The project is entirely funded by The Jerusalem Prayer Team, she said.
“Every few months, Michael comes to visit us,” said Glazer, a practicing gynecologist. “He is part of our family, and we feel so proud of this connection because we are the last generation [of survivors] and he helps us be together and feel safe.”
Evans said his organization never hesitates to write a check for a member in need.
“I ask Lillian what she needs, and we do it,” said Evans. “For us, it’s a blessing. These are very beautiful people. How can you not be happy seeing Holocaust survivors so joyful – at a bomb shelter, no less?” Glazer said the majority of the survivors in her organization are from the former Soviet Union and Eastern Europe, living alone in meager surroundings.

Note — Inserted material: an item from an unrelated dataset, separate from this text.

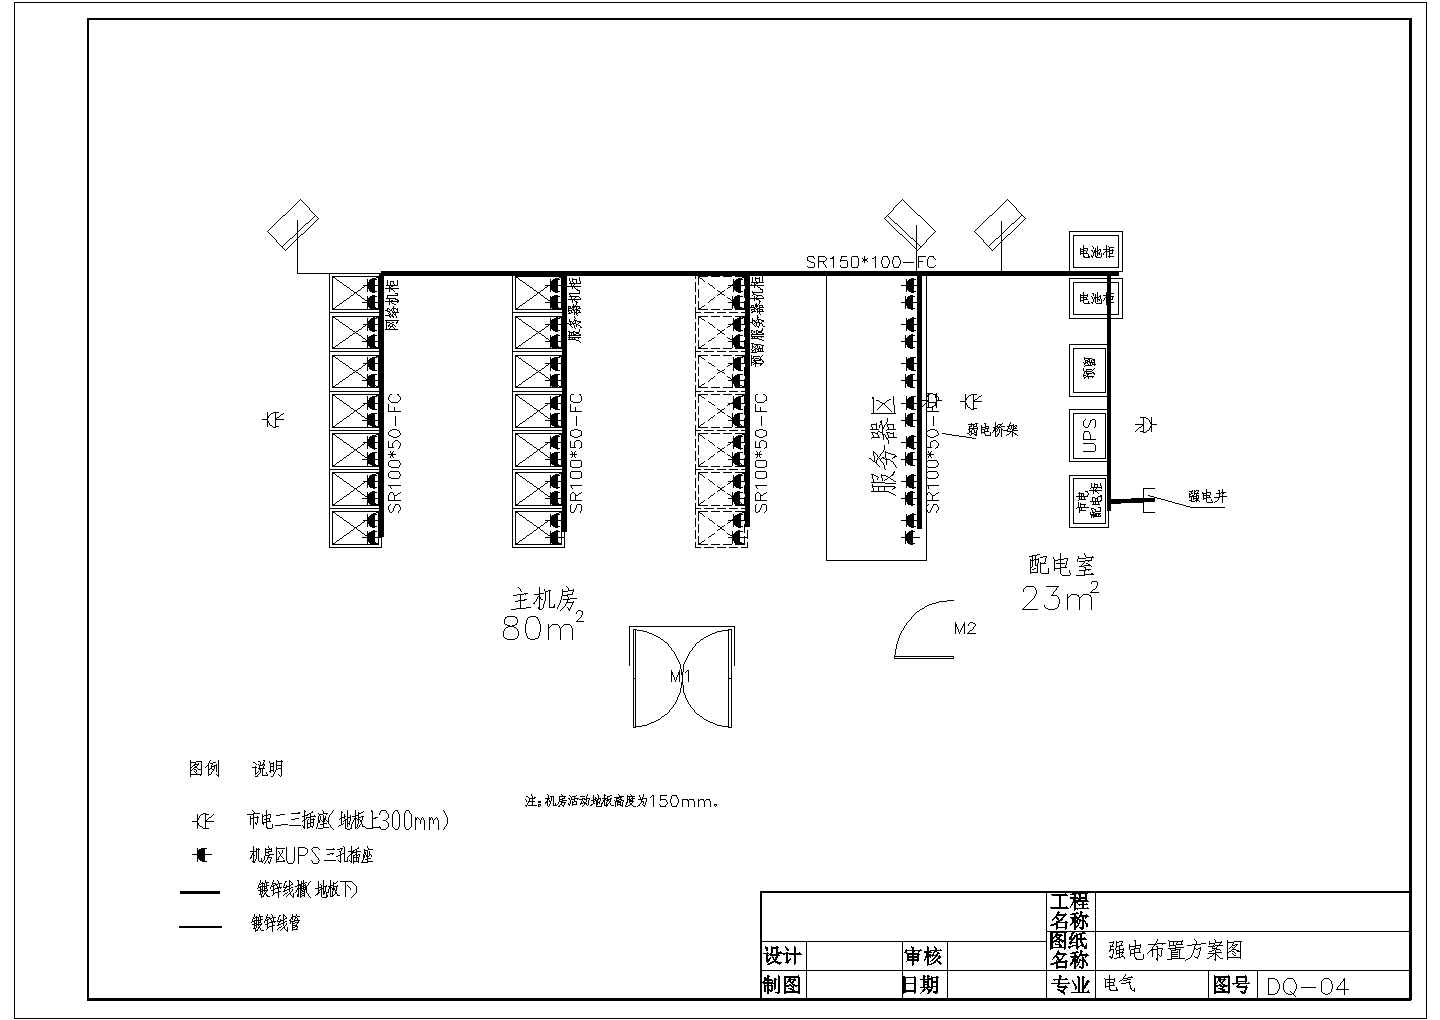 机房项目竣工设计方案全套CAD图纸

“They celebrate all the holidays here, and it gives them a sense of purpose,” she said.
“That’s a gift for all of us.”
Alexander Vishnevetsky, a survivor from the Ukraine who also works as a journalist, said he attended all the events at the facility and was comforted by the group’s shared history.
“We’re the last generation [of survivors], and I’m happy I can meet my friends who are in the same situation,” said Vishnevetsky.
“We can sing songs, listen to our music and speak to each other in Yiddish,” he said.
“This makes us happy.”
Evans said The Jerusalem Prayer Team had also renovated a bomb shelter in Haifa for survivors living in the North.
“My prayer is that this will be an inspiration for others to do the same throughout the country,” he said.